Panel of Antitrust Experts Assembled by AEI Slams House Judiciary Antitrust Report as ‘Political’
October 30, 2020 — An American Enterprise Institute webinar on Monday criticized the House Judiciary Antitrust Committee’s recent report, calling it politically-motivated and criticizing it for lacking sources and transparency. “If you believe that there should be a much more politically motivated a
Jericho Casper
October 30, 2020 — An American Enterprise Institute webinar on Monday criticized the House Judiciary Antitrust Committee’s recent report, calling it politically-motivated and criticizing it for lacking sources and transparency.
“If you believe that there should be a much more politically motivated approach to antitrust, then you’ll agree with the report,” said Daniel Sokol, professor in the Levin College of Law at the University of Florida.
Sokol called the report a partisan act similar to the Federal Communications Commission’s December 2017 net neutrality reversal. It would be “extremely naïve and short sided to think this is somehow different,” he said.
Comparing the House report to the Federal Trade Commission’s “big data” report issued in 2016, Sokol said that in the FTC’s report all the submissions were cited and there was nuance and synthesis.
“That’s not what we get here,” he said, where “around 375-pages of the House docket focus on news stories and submissions from professors,” without providing any sourcing.

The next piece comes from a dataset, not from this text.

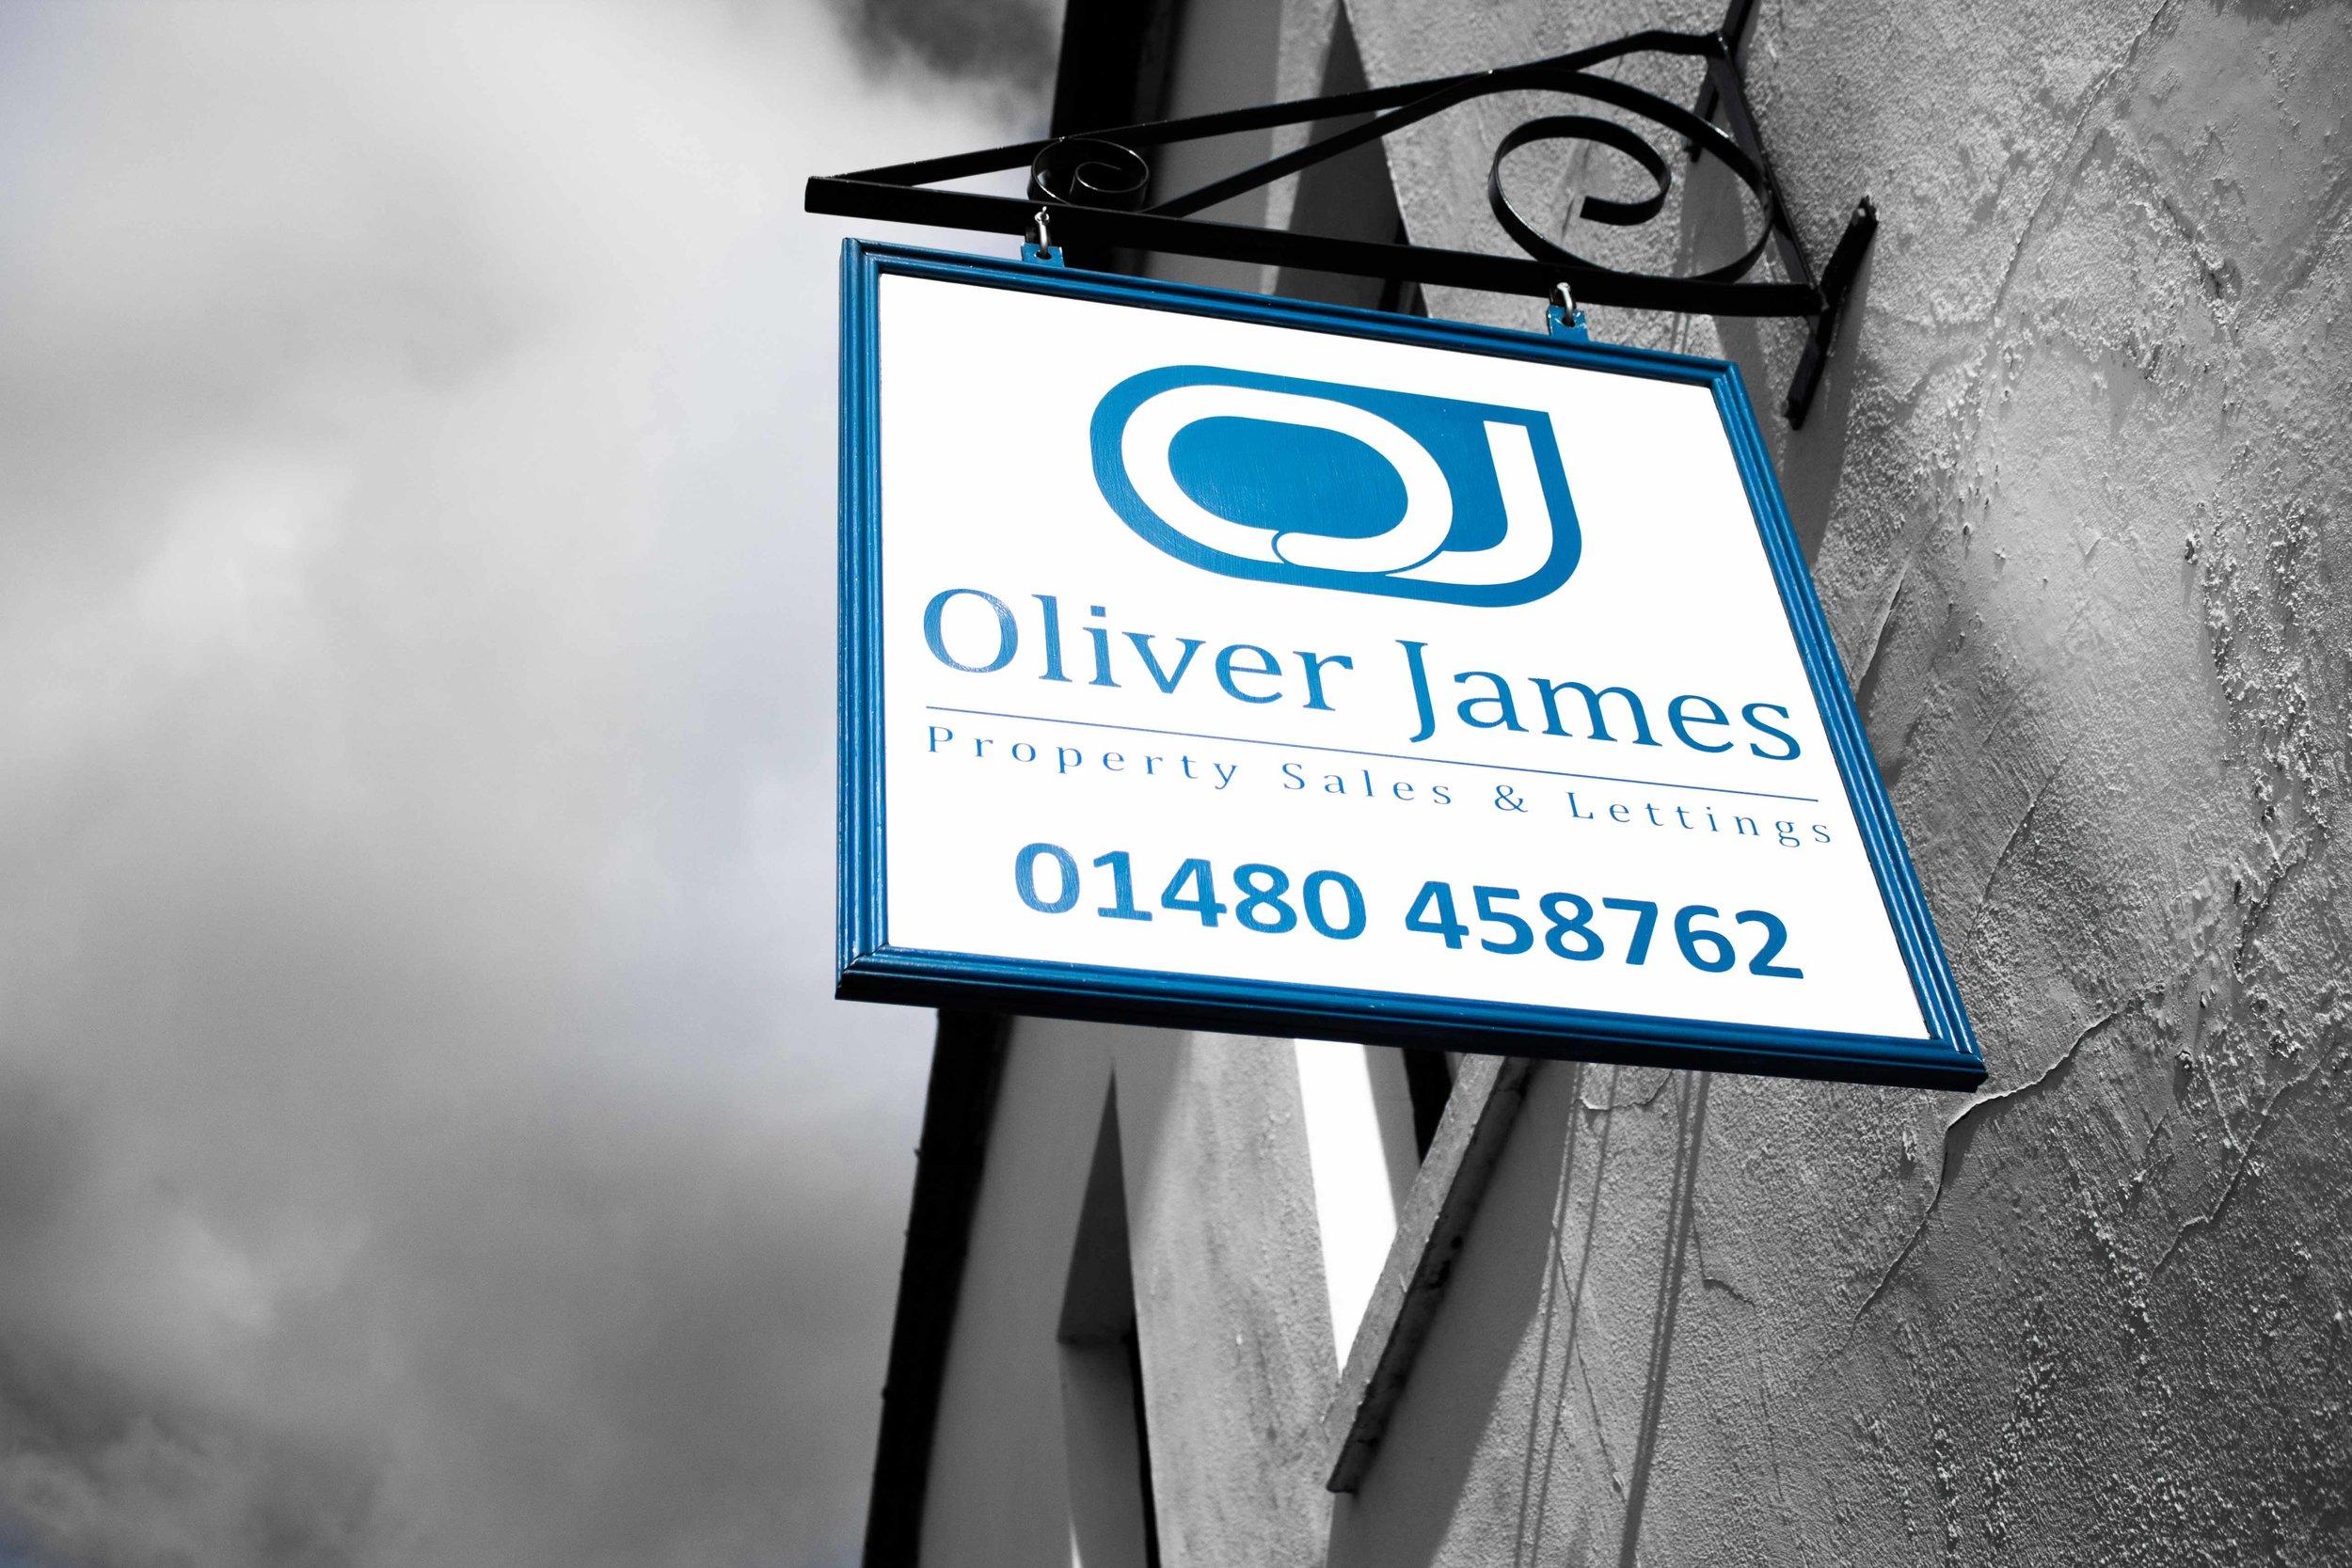 Oliver James - 07 - Colour - Lo Res.jpg

“I was asked by the House Judiciary Committee to submit a paper to the proceeding,” said Thomas Hazlett, professor of economics at Clemson University and former chief economist at the FCC. Yet, according to Hazlett, none of the papers and sources gathered by the Committee were listed in the document. “While reading, I didn’t see any effort to incorporate the diversity of views that the Committee collected in good faith,” said Hazlett.
“The more you don’t have transparency in a report, the more it looks like a political document rather than something that’s weighty,” said Sokol. “Not a single one of the papers was cited. Maybe the staff looked at it, but they should have shown their work.”
Maureen Ohlhausen, chair of global antitrust and competition practice for Baker Botts, critiqued the report for failing to consider consumer interest.
“There is very little discussion of consumer interest, just passing references,” said Ohlhausen, saying the report instead focuses on companies’ anti-competitive practices.
“There is only a single page out of the 375-page analysis that actually mentions platforms may help competition,” said Sokol.
The report condemns the consumer welfare test and urges antitrust law move away from the consumer welfare standard, said Hazlett, yet Democrats “have nothing other than a vague notion that public interest regulation would perform better.”